For twelve years, GSR didn't need anyone.
No venture capital. No strategic investors. No bank partners. Just a team of ex-Goldman Sachs traders, a Singapore office, and a quiet obsession with making crypto markets function.
While the rest of the industry launched tokens and raised rounds at absurd valuations, GSR did something less glamorous and far more valuable providing the liquidity that made all of it possible. By the time Standard Chartered showed up, GSR had traded over $1 trillion in volume, built relationships with more than 300 liquidity partners, and become one of the most important firms most people in crypto had never heard of.

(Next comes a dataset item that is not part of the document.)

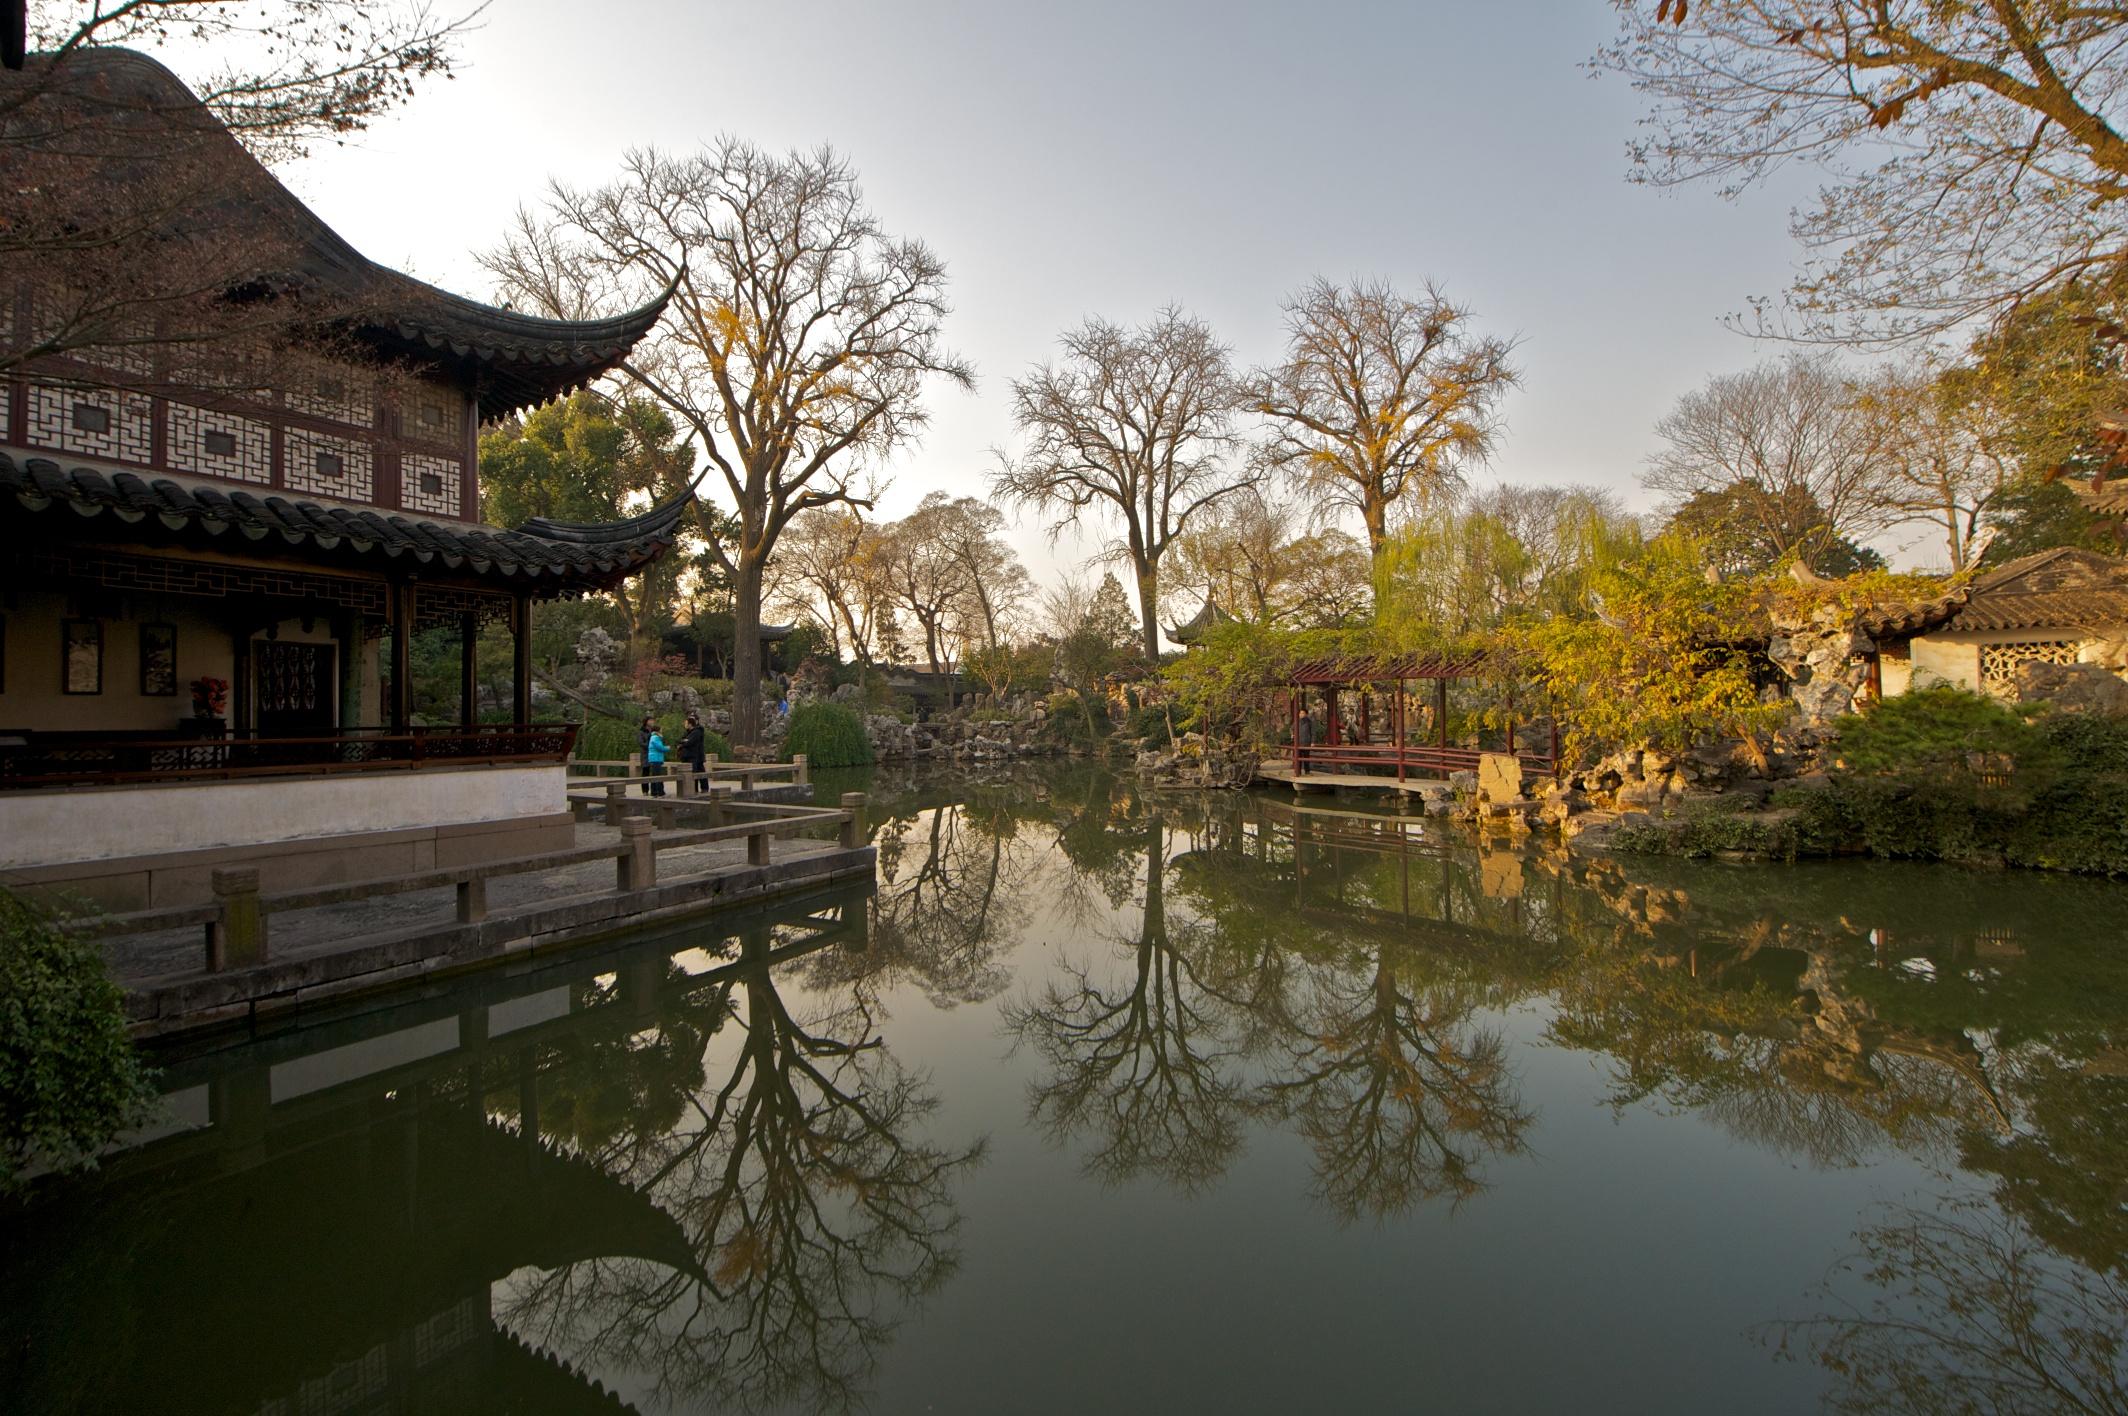 Giardino cinese wikiwand for Giardino cinese

On Monday, SC Ventures Standard Chartered's venture arm took a strategic stake in GSR at a valuation above $1 billion. The firm's first outside investment in twelve years. For a 160-year-old bank with $300 billion in assets, it was the most direct statement yet about where it thinks the next era of finance gets built.
The deal didn't come from nowhere. In April, GSR invested in Libeara, a tokenisation platform backed by SC Ventures that has already processed over $1 billion in real-world assets. Cross-investments between two firms weeks before an equity announcement are rarely coincidental.

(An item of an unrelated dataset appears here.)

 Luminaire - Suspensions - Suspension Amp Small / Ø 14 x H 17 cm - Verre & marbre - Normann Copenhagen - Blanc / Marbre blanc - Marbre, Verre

This one wasn't. What Standard Chartered is buying isn't a trading app. It's the infrastructure underneath every institutional crypto trade the bid, the ask, the spread, the settlement. In March GSR acquired two token advisory firms for $57 million, giving it end-to-end capabilities from pre-launch strategy to post-listing market making. It launched a multi-asset crypto ETF on Nasdaq. It holds regulatory licences from the FCA and MAS. Twelve years of keeping its head down and suddenly GSR is everywhere at once.
GSR is now raising up to $150 million more from additional strategic investors. Standard Chartered is the anchor.
SC Ventures has also backed rival market maker Keyrock and is planning a $250 million digital asset fund later this year. This isn't a single bet. It's a methodical acquisition of crypto's invisible layer before the next wave of institutional capital arrives and those positions become either unavailable or unaffordable.
For twelve years GSR provided the expertise and asked for nothing in return. Standard Chartered decided that arrangement was worth $1 billion. They're probably right.